Cognos Analytics 11.1, augmented intelligence, advanced and embedded analytics, and beyond!
The golden era of analytics is upon us; smarter systems, augmented with artificial intelligence, capable of managing and filtering massive amounts of data, empowering end users to make smarter decisions, and delivering major returns on investment in the process. According to Gary Quirke, CEO of QueBIT, in a recent CFO magazine webinar, “this period in history will be defined by the commencement of man and machine working in perfect harmony, combining machine artificial intelligence with the irreplaceable power of human intuitive reasoning to achieve optimum decision making performance."
With measurable examples of returns on investment exceeding $200 million annually, it's easy to demonstrate the high value of embedding AI and machine learning into traditional business processes. Quirke believes the companies which are successful in embedding of AI and machine learning directly into their business processes, will be the ones that thrive and succeed, and those that are either unwilling or unable to do this will ultimately fall behind.

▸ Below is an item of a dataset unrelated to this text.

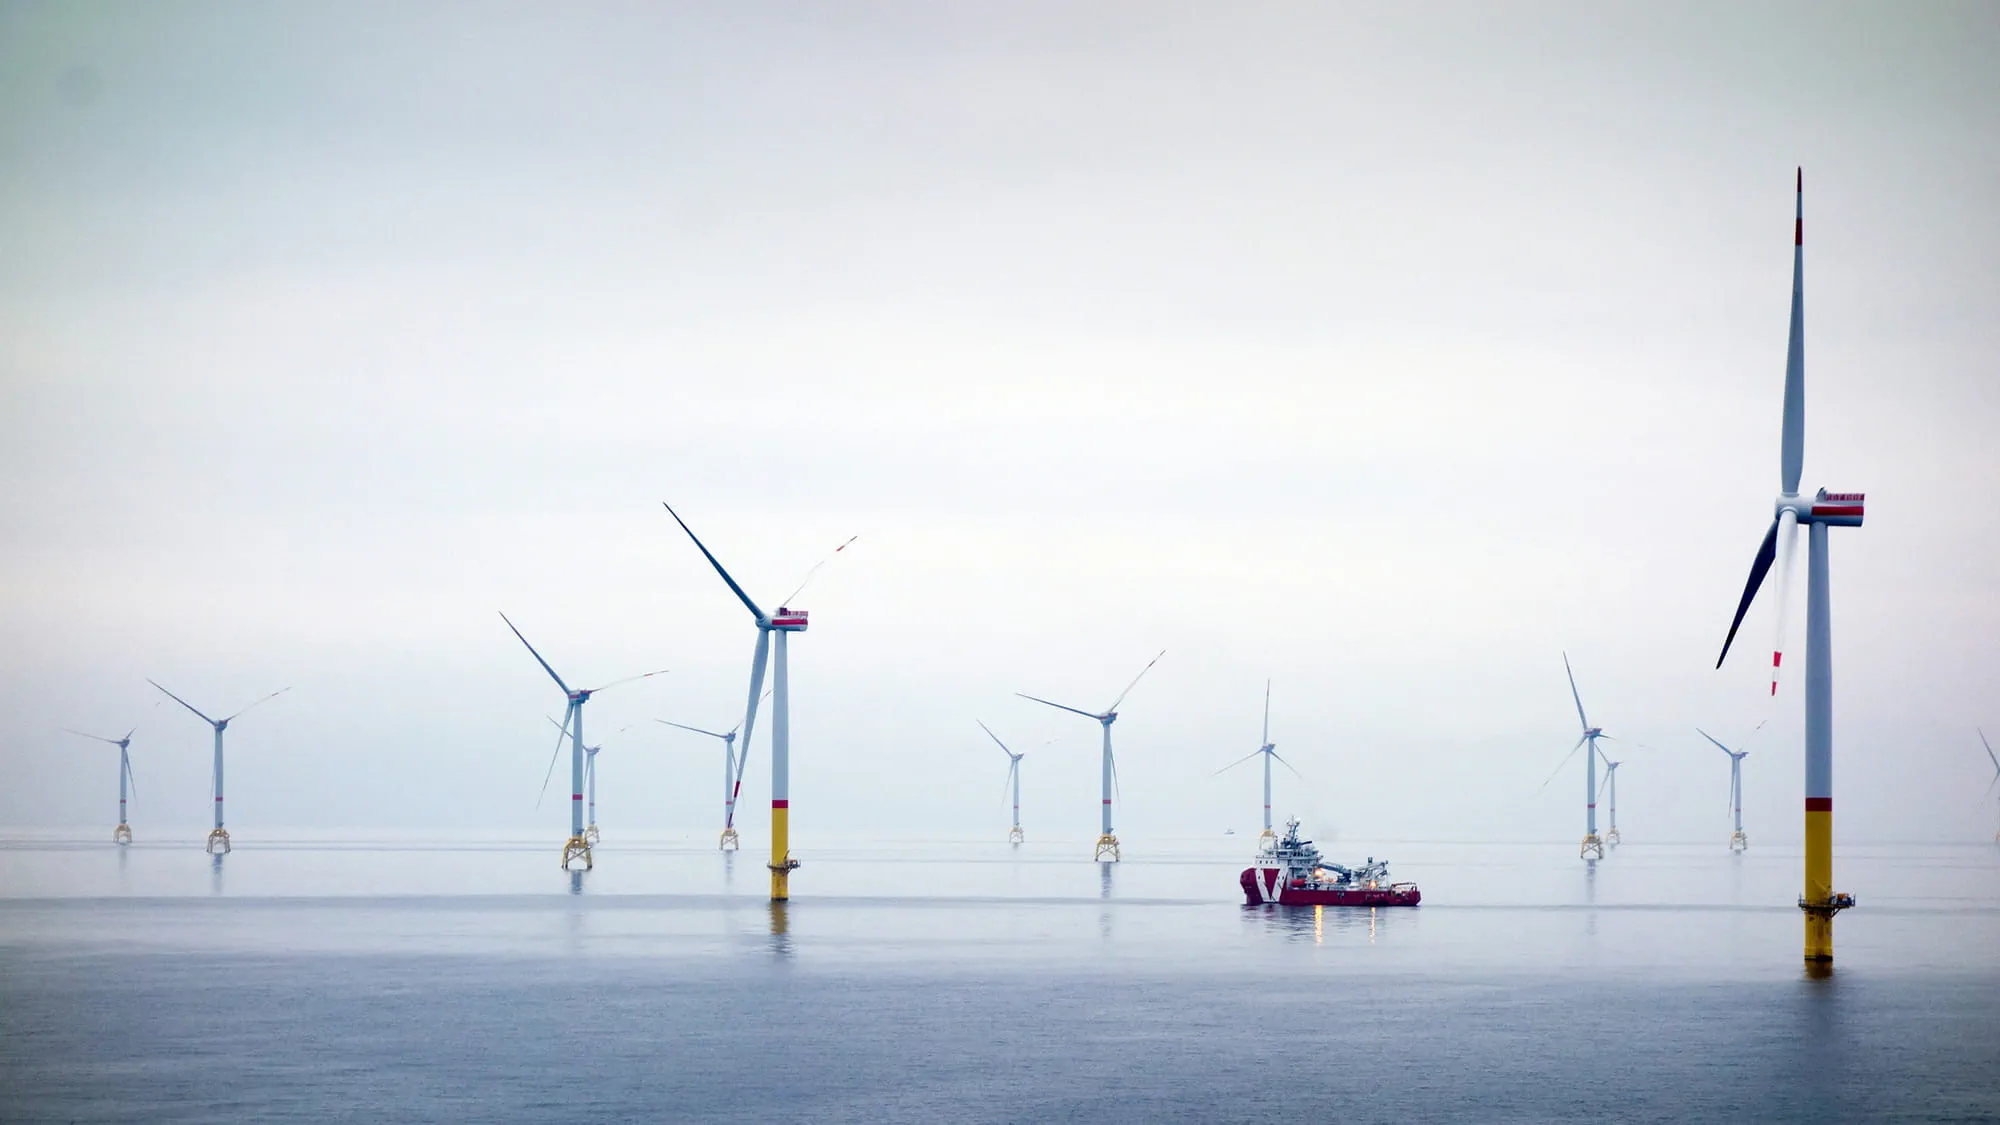 Offshore wind turbines in the ocean

According to CIO magazine, data science is becoming democratized to a larger group of data-astute business users. In a recent Gartner poll, 50% of CFOs declared that “leveraging predictive analytics" was a top focus to improve business performance by 2020. This is consistent with recent trends in the software industry. For example, IBM has embedded AI and predictive analytics directly into its market leading business intelligence platform, Cognos Analytics. The latest version of Cognos Analytics is a forerunner in natively embedding natural language processing, augmented intelligence, and predictive modeling functionality for all types of business professionals. QueBIT has developed a number of resources to assist readers of this blog in better understanding the capabilities of the latest release of Cognos Analytics:
For readers that are currently using earlier versions of Cognos Business Intelligence (e.g. version 10.2.2) or Cognos Analytics (e.g. Version 11.0), or indeed any other business intelligence platform, we strongly recommend signing up for a free trial of Cognos Analytics 11.1 and explore further in your own time.
Software tools will continue to drive greater levels of automation of the work that has historically been performed by humans. In addition, organizations will increasingly look to build custom systems that leverage AI and machine learning to both augment and automate core business processes, and to improve human decision making. This will help organizations to eradicate imperfections in business decision making that are driven by the natural flaws in human thought process. Studies have shown that humans have a tendency towards adopting bias in their decision making, and tend to see things in black and white terms; it’s either good or it’s bad. For most decisions, the reality is somewhere in between these extremes, and superior decision making is achieved by leveraging the machine to perform the complex mathematical and statistical calculations, on the massive amounts of data, that humans would simply not be able to perform.
While it may be appealing to think that investments in the latest software can deliver staggering returns on investment, it is also important to recognize the importance of adding true data science knowledge and experience into the process. The machines can only do part of the job, and the data scientists are required to help determine the right data and models for the machines to act upon, and interpret the results correctly, to avoid acting upon false negative and false positive analyses. Finding skilled data science resources has not been an easy task historically because the availability of these skills has been very limited. However, times are fast changing. Many universities now include a level of AI and machine learning study in many of their courses beyond engineering and computer science; in particular, many business courses are now incorporating data science as a core requirement of study. In addition, organizations can work with partners like QueBIT to help deliver materially impactful solutions, and to also accelerate the transfer of data science knowledge into their organizations. The key to long term success with analytics will be the ability to have ready access to the required data science skill sets, either by developing these skills in house, or by partnering with companies like QueBIT. This is what will separate successful companies from the less successful in companies, in this golden era of analytics.